Transcribe all of the entries below exactly. Leave out the pictures.

________________________________________

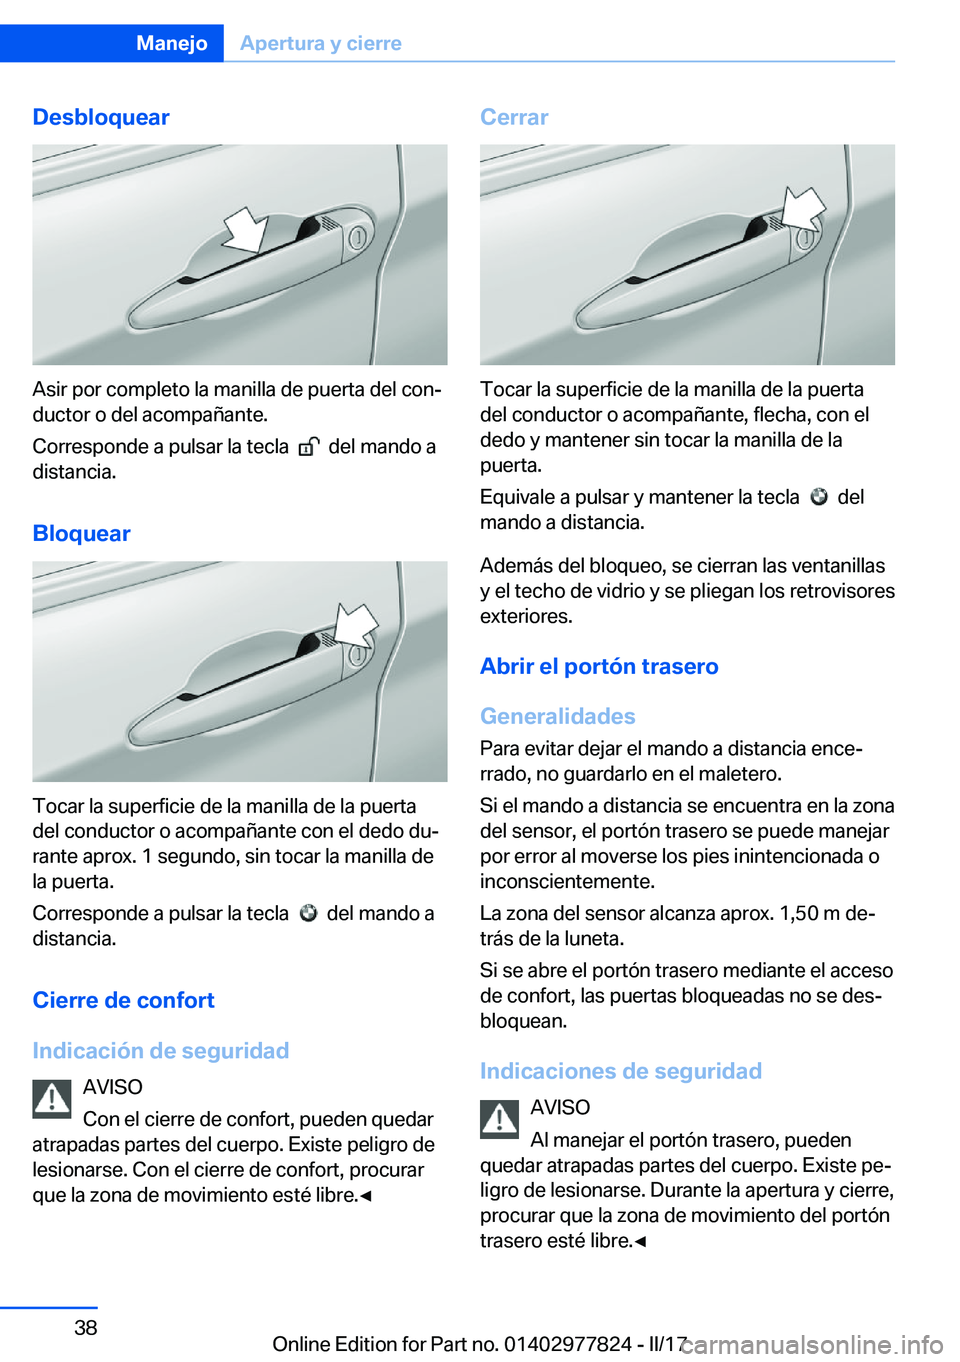 BMW X3 2017  Manuales de Empleo (in Spanish) �D�e�s�b�l�o�q�u�e�a�r
�A�s�i�r� �p�o�r� �c�o�m�p�l�e�t�o� �l�a� �m�a�n�i�l�l�a� �d�e� �p�u�e�r�t�a� �d�e�l� �c�o�nª�d�u�c�t�o�r� �o� �d�e�l� �a�c�o�m�p�a�ñ�a�n�t�e�.
�C�o�r�r�e�s�p�o�n�d�e� �a� �p
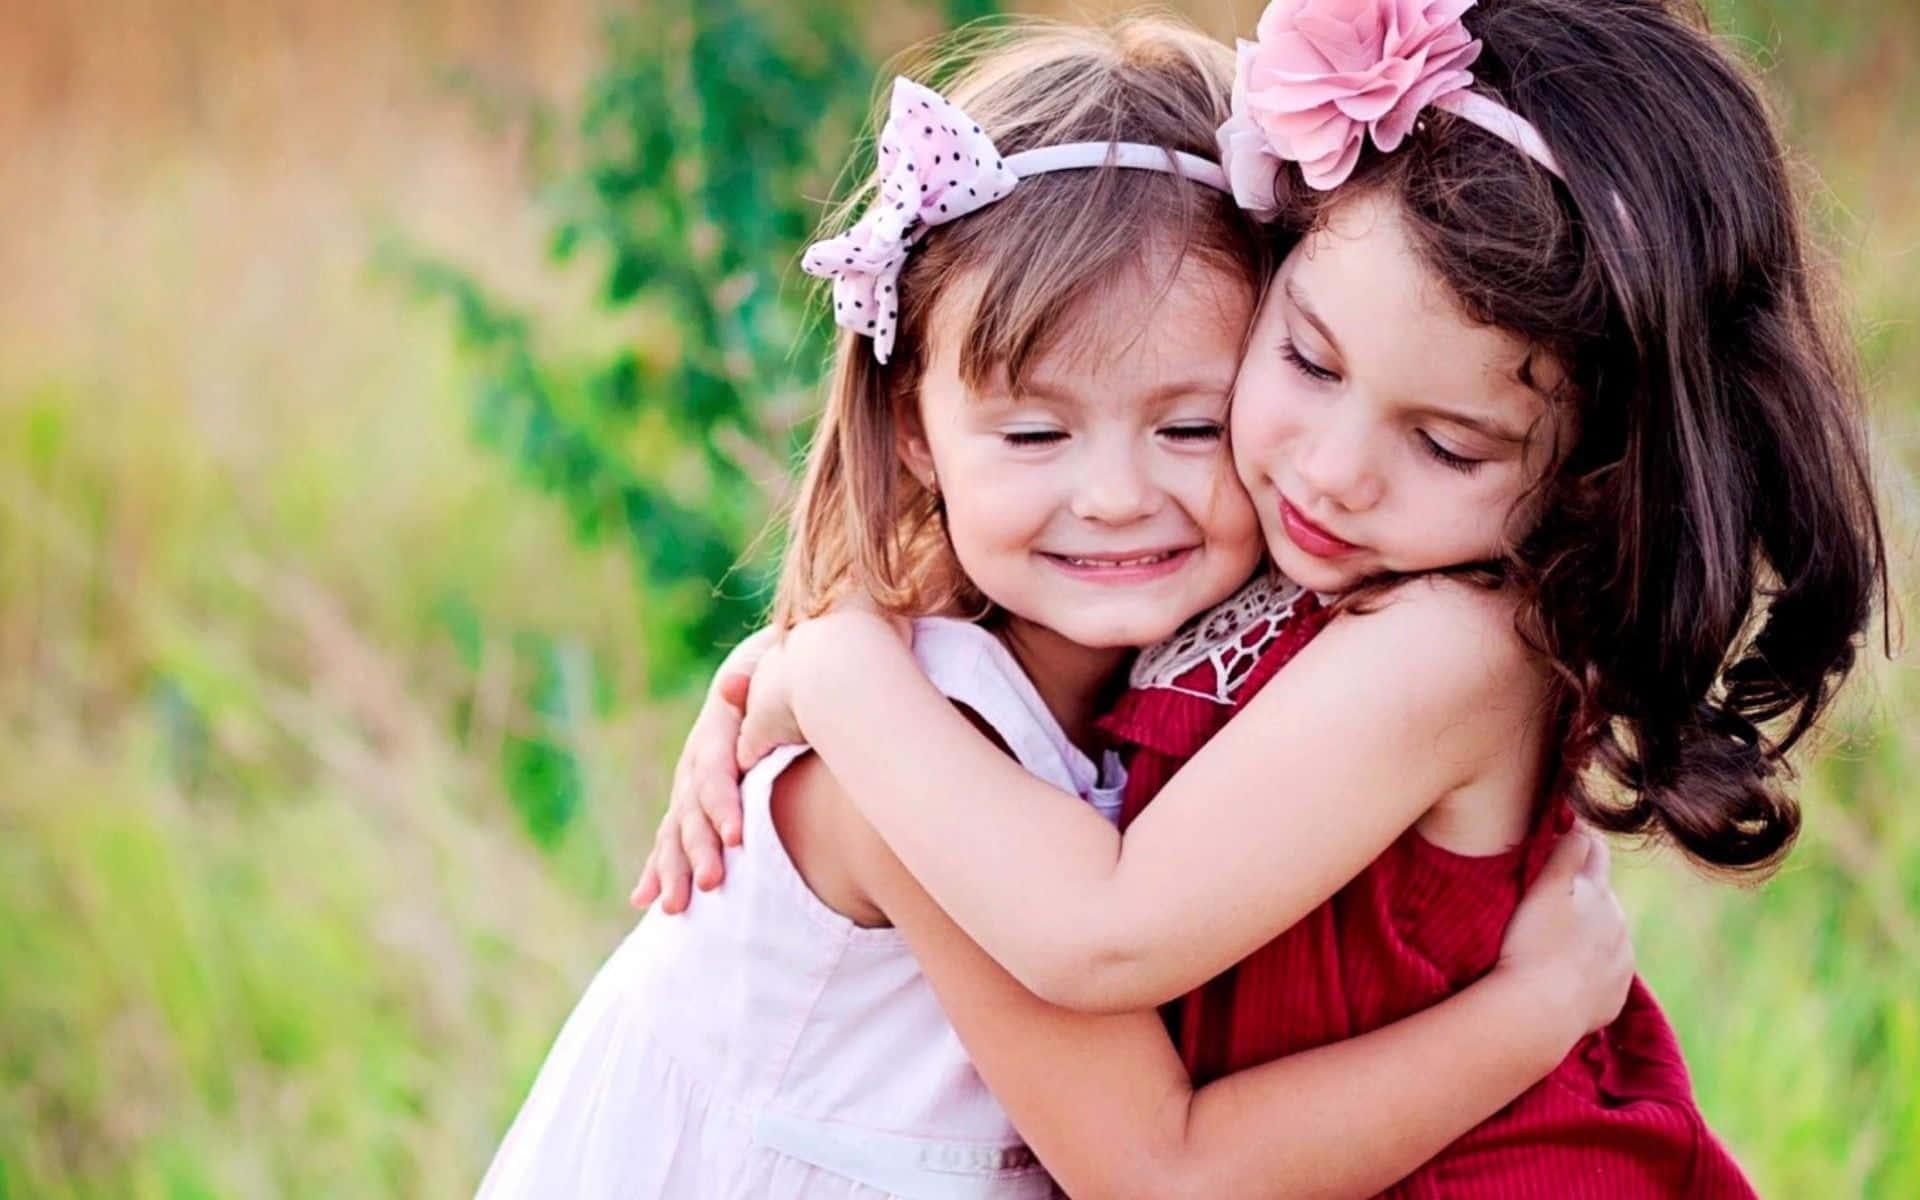 Adorable toddler siblings bonding and smiling outdoors Wallpaper
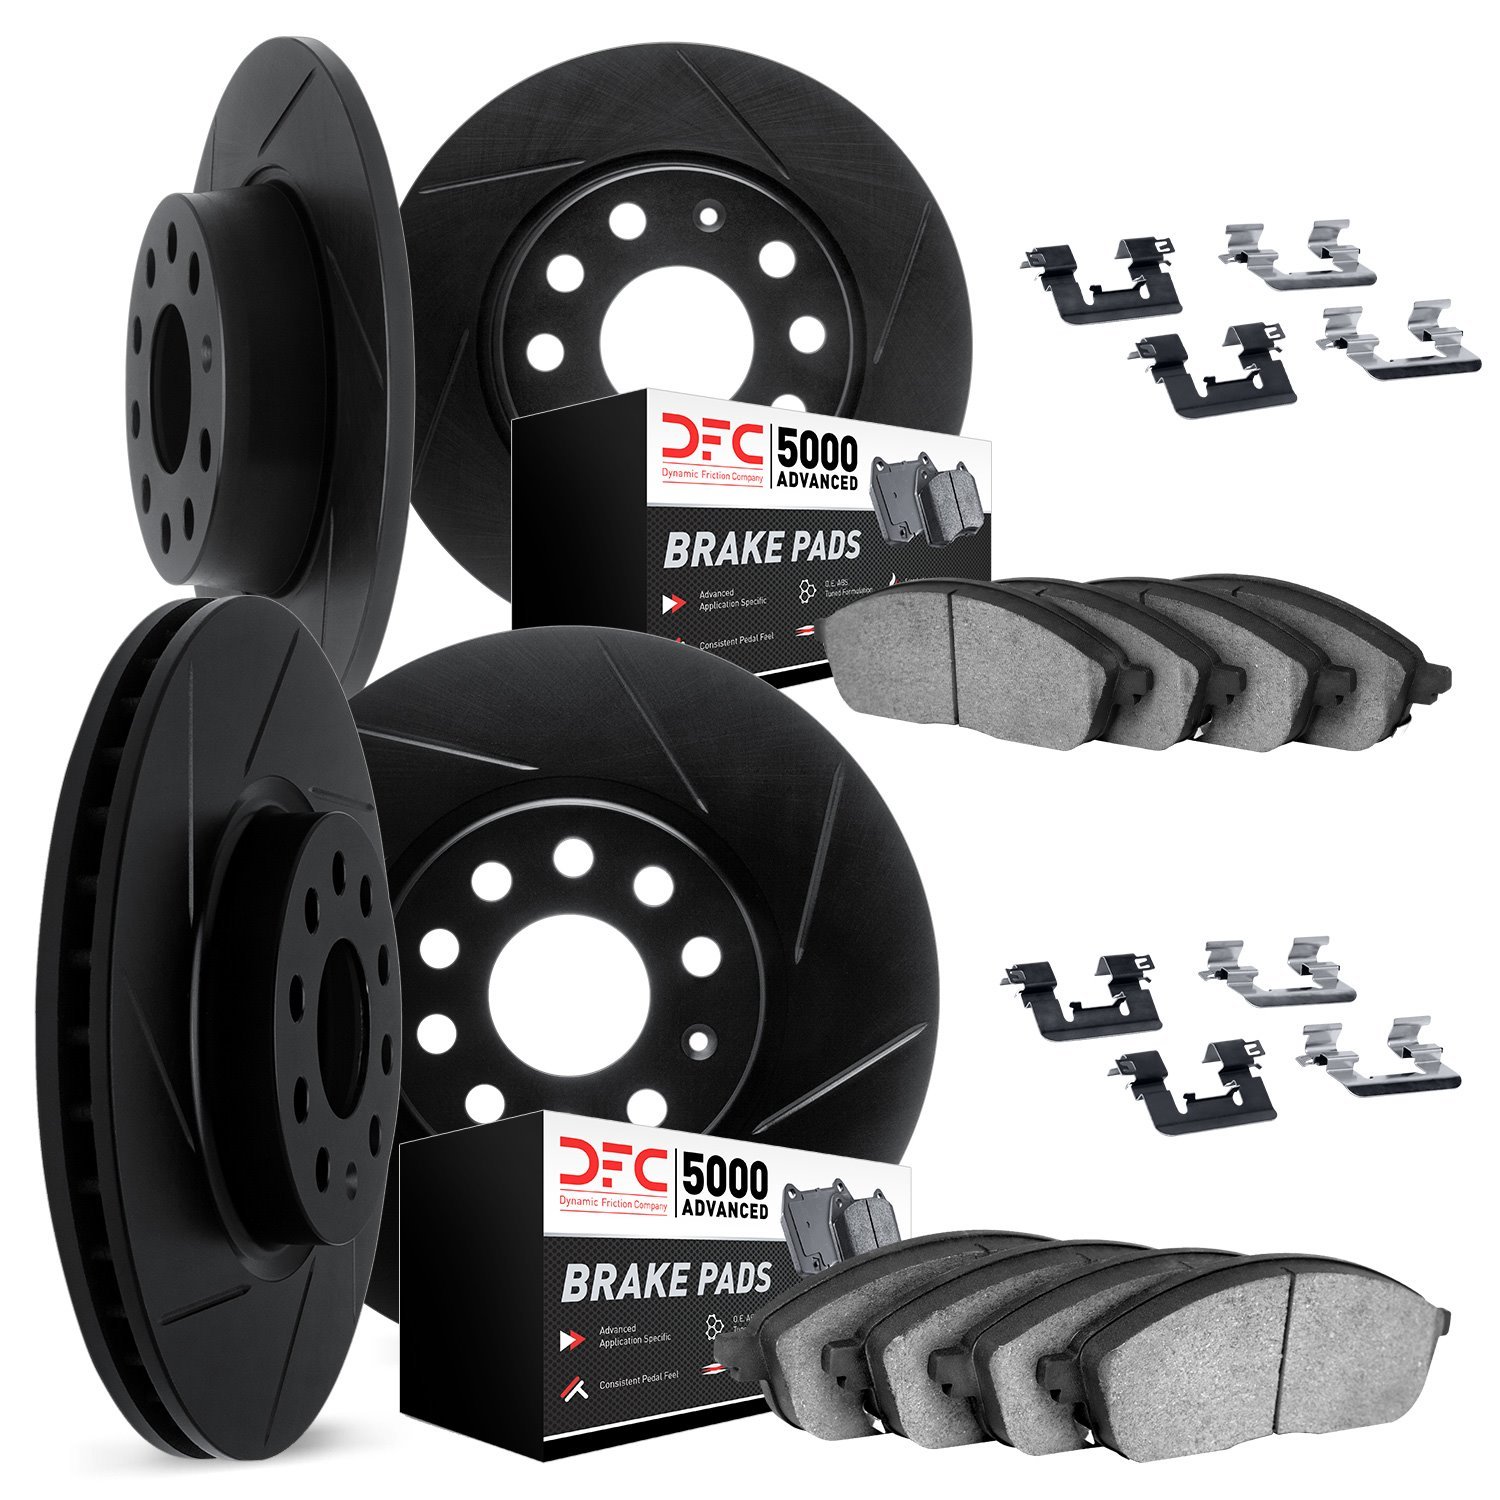 3514-42010 Slotted Brake Rotors w/5000 Advanced Brake Pads Kit & Hardware [Black], 2007-2012 Mopar, Position: Front and Rear

________________________________________

**ANSWER TO THIS PROBLEM**
 BMW X3 2017  Manuales de Empleo (in Spanish) �D�e�s�b�l�o�q�u�e�a�r
�A�s�i�r� �p�o�r� �c�o�m�p�l�e�t�o� �l�a� �m�a�n�i�l�l�a� �d�e� �p�u�e�r�t�a� �d�e�l� �c�o�nª�d�u�c�t�o�r� �o� �d�e�l� �a�c�o�m�p�a�ñ�a�n�t�e�.
�C�o�r�r�e�s�p�o�n�d�e� �a� �p
 Adorable toddler siblings bonding and smiling outdoors Wallpaper
 3514-42010 Slotted Brake Rotors w/5000 Advanced Brake Pads Kit & Hardware [Black], 2007-2012 Mopar, Position: Front and Rear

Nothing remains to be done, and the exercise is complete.